Ulisses H. answered • 10/11/15
Tutor
4.9
(75)
Engineer by day, looking to help students whenever possible.
Linear approximation works like this: we know the value of a function at a particular value of a variable and we are going to use it to approximate the value of that same function when the variable takes on a different number (provided the numbers are not too far apart)
To really derive the linearization of an equation, you need to be familiar with Taylor Series. If you are, then linearization is just the first-order Taylor expansion of the function about a particular point. If you are not, then no worries, I give you the equation below:
y(x) = y(a) + y'(a)*(x - a), where you
1) know what a is (it looks like in your problem your instructor lets you pick an "a" value that you want--remember that it has to be close to the x value you are going to be approximating for!)
2) know what y(a) is
3) know y'(a) --Note that this is to be interpreted as "the derivative of the function evaluated at x=a" so if y = x2 and a = 5, then y'(x) = 2x and thus y'(a) = 10
Having established that, let's begin:
For your case, we need an "a" value. Well, let's not make it too difficult on ourselves and recognize that from trig cos(30) = √3/2 (√ = square root). This works perfect since we now know y(a) and 30 is not too far from 29.
Using our linearization equation, then cos(29) = cos(30) - sin(30)*(29 - 30) = √3/2 - 1/2(-1) = √3/2 + 1/2
Now you can plug this in your calculator to get 1.366
If you type cos(29) into your calculator, you will get 0.8746
Now, you may be wondering if something went wrong. The answer is no. So what happened then? The cosine function is nonlinear and we used a linear equation to approximate it! That will not work!
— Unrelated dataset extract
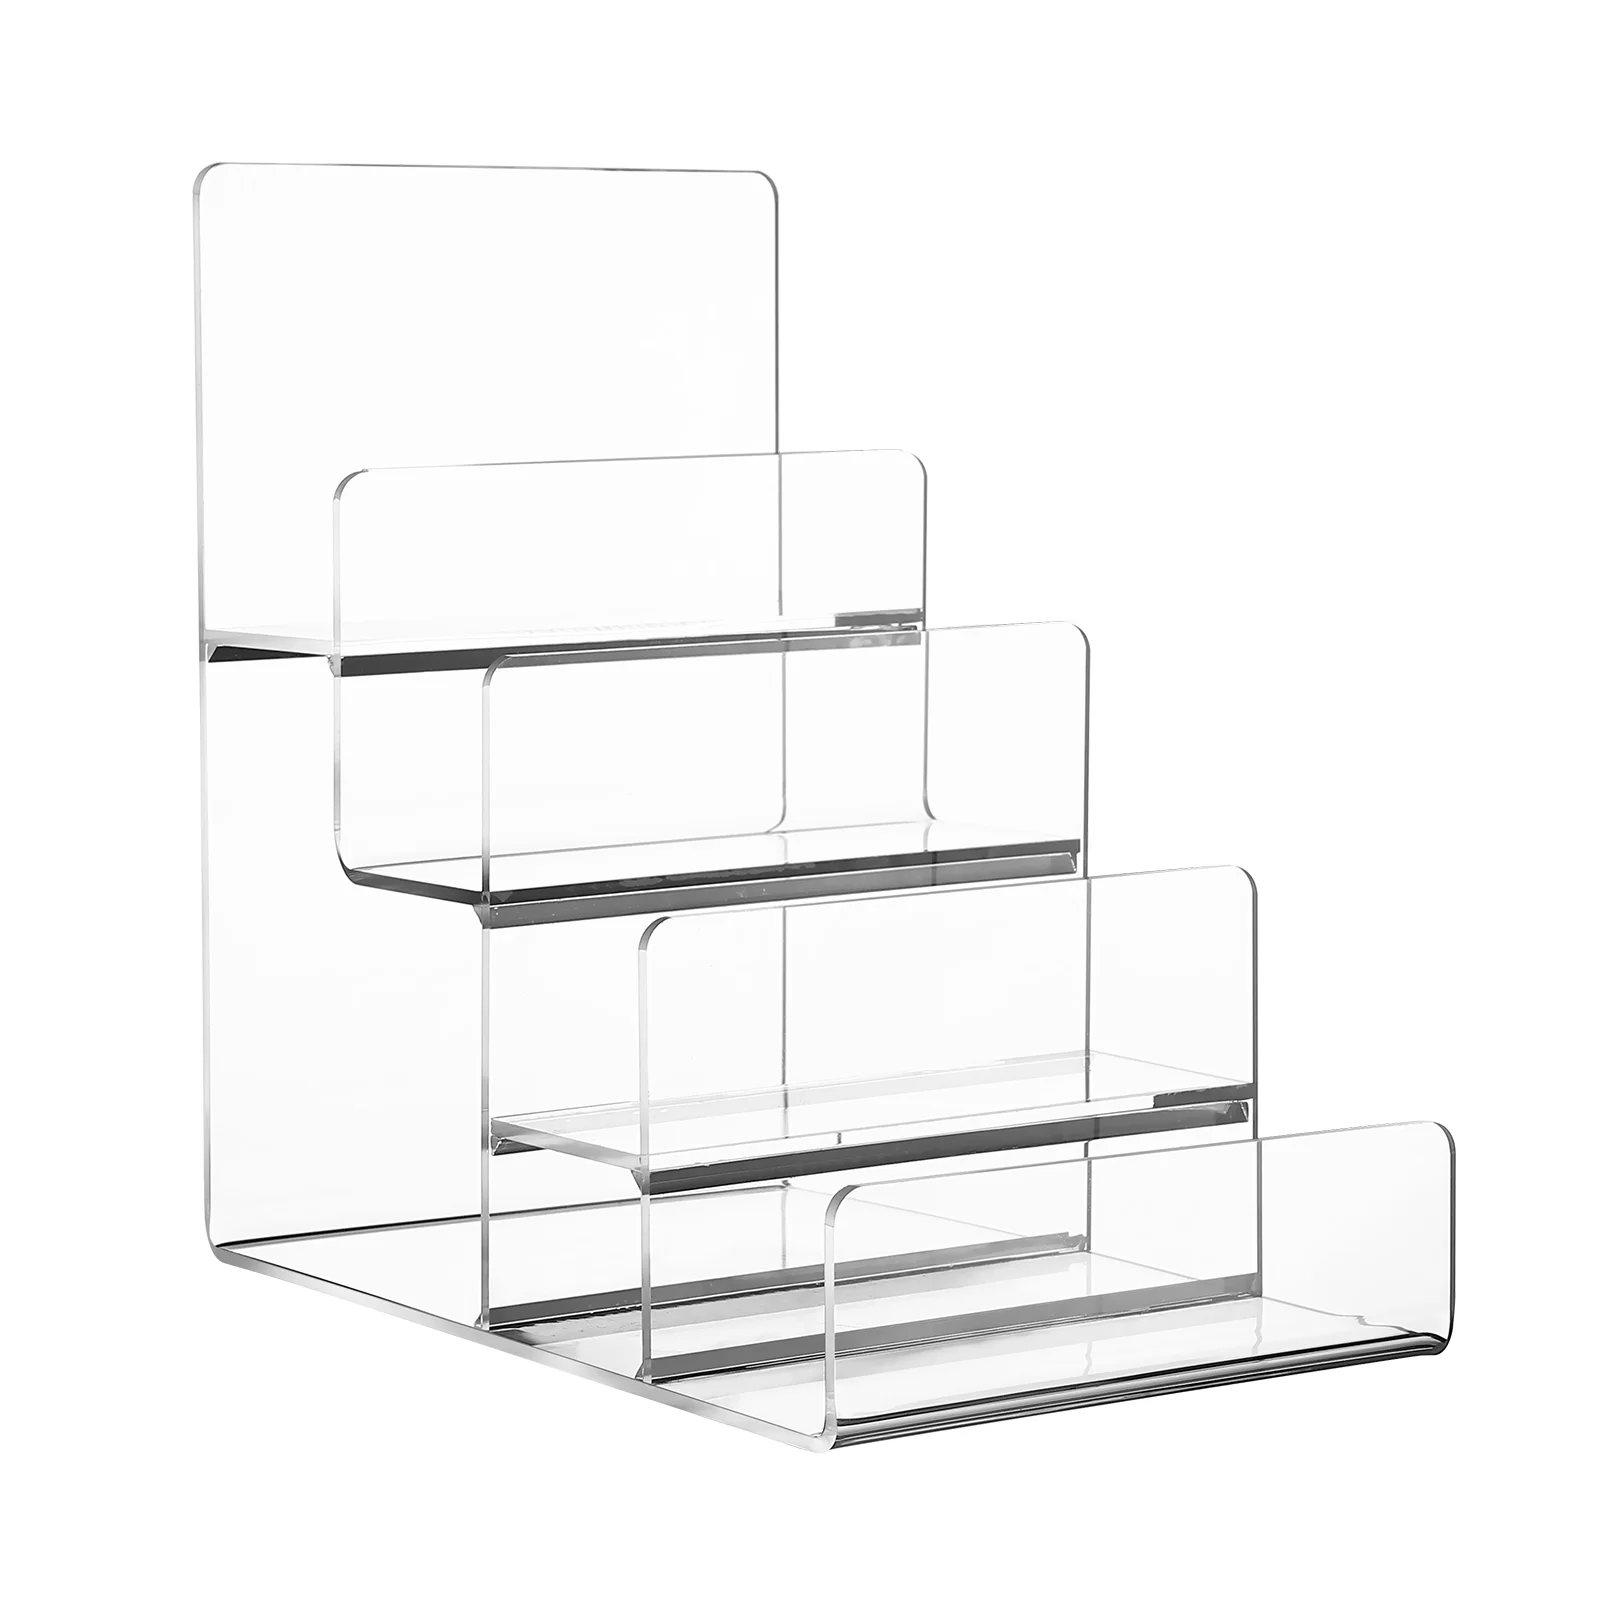 

Display Acrylic Stand Purse Risersholder Organizer Wallet Shelf Clear Riser Rack Stands Storage Sunglasses Tier Table Shelvespop

Now this isn't to say that linearization is not good. It will give you better and better results if you had taken a number that was much closer to 29 for "a" like 29.0001. This would work well, BUT it's pretty hard to do that without a calculator, so it's a safe bet that your teacher wanted to show you the dangers of using linear approximations of nonlinear equations when you are working with an "a" value that is not very close to the value of x that you want to get the approximation at.
-Hope this helps!